A python library for highly configurable transformers - easing model architecture search and experimentation.

Overview

configaformers (re-factor in progress)

A python library for highly configurable transformers - easing model architecture search and experimentation.

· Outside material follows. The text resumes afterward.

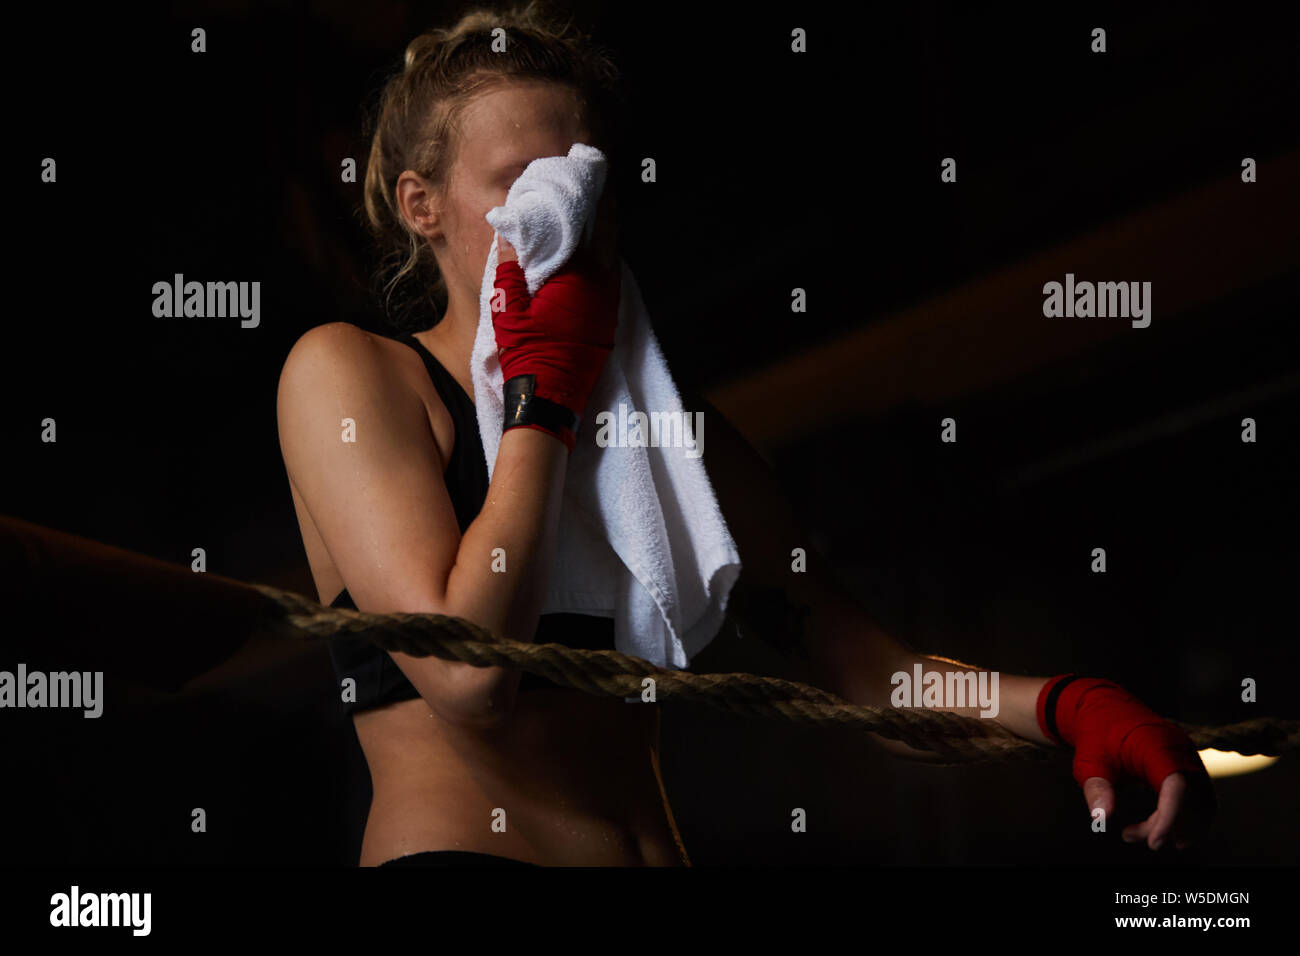 Dunkel getönt Portrait von harten Sportlerin wischen Schweiß mit Handtuch nach Praxis, Kopie Raum Stockfoto
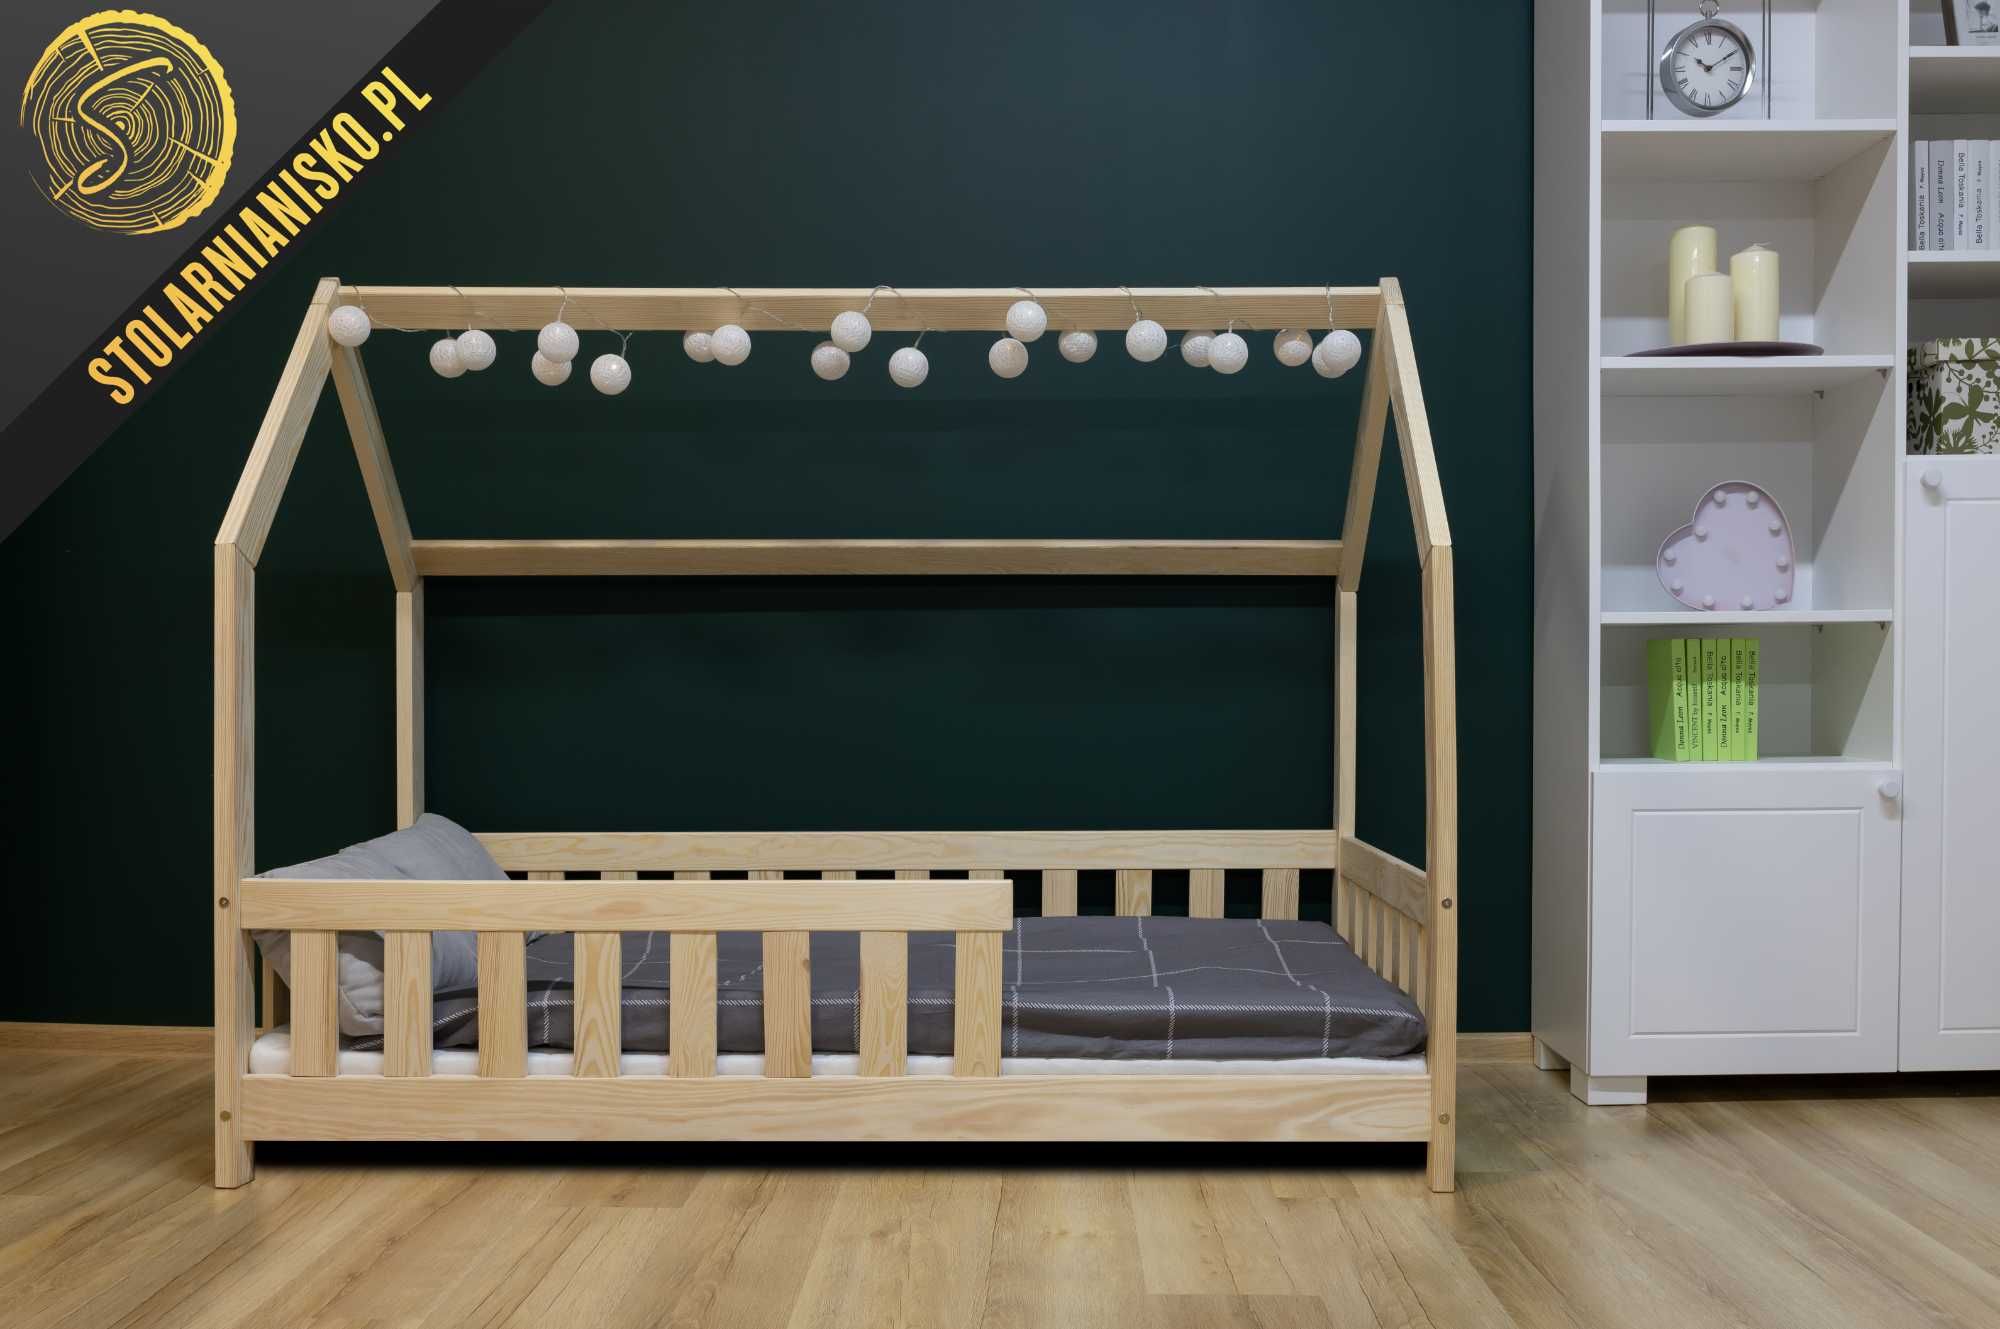 Łóżko domek dla dziecka 80x160 nielakierowane. Producent

It is premised on building small and independent modules that enables users to configure custom transformer architectures.

Special thanks to lucidrains (https://github.com/lucidrains) and Kharr.

Usage

Quick demo that will configure a 768-wide, 12-layer transformer, with a language modeling head.

Import, and create token embedding block:

import torch
from model_builder import ConfigaFormer

emb = []
model_dim = 768

emb.append({'type': 'embedding',
            'output_dim': model_dim,
            'num_classes': 50257})

Create self-attention module:

attn = []

# Make residual and norm
attn.append({'type': 'make_stream', 'output_name': 'residual'})
attn.append({'type': 'norm', 'norm_type': 'layer_norm'})

# Make QKVs
attn.append({'type': 'linear', 'output_name': 'queries'})
attn.append({'type': 'linear', 'output_name': 'keys'})
attn.append({'type': 'linear', 'output_name': 'values'})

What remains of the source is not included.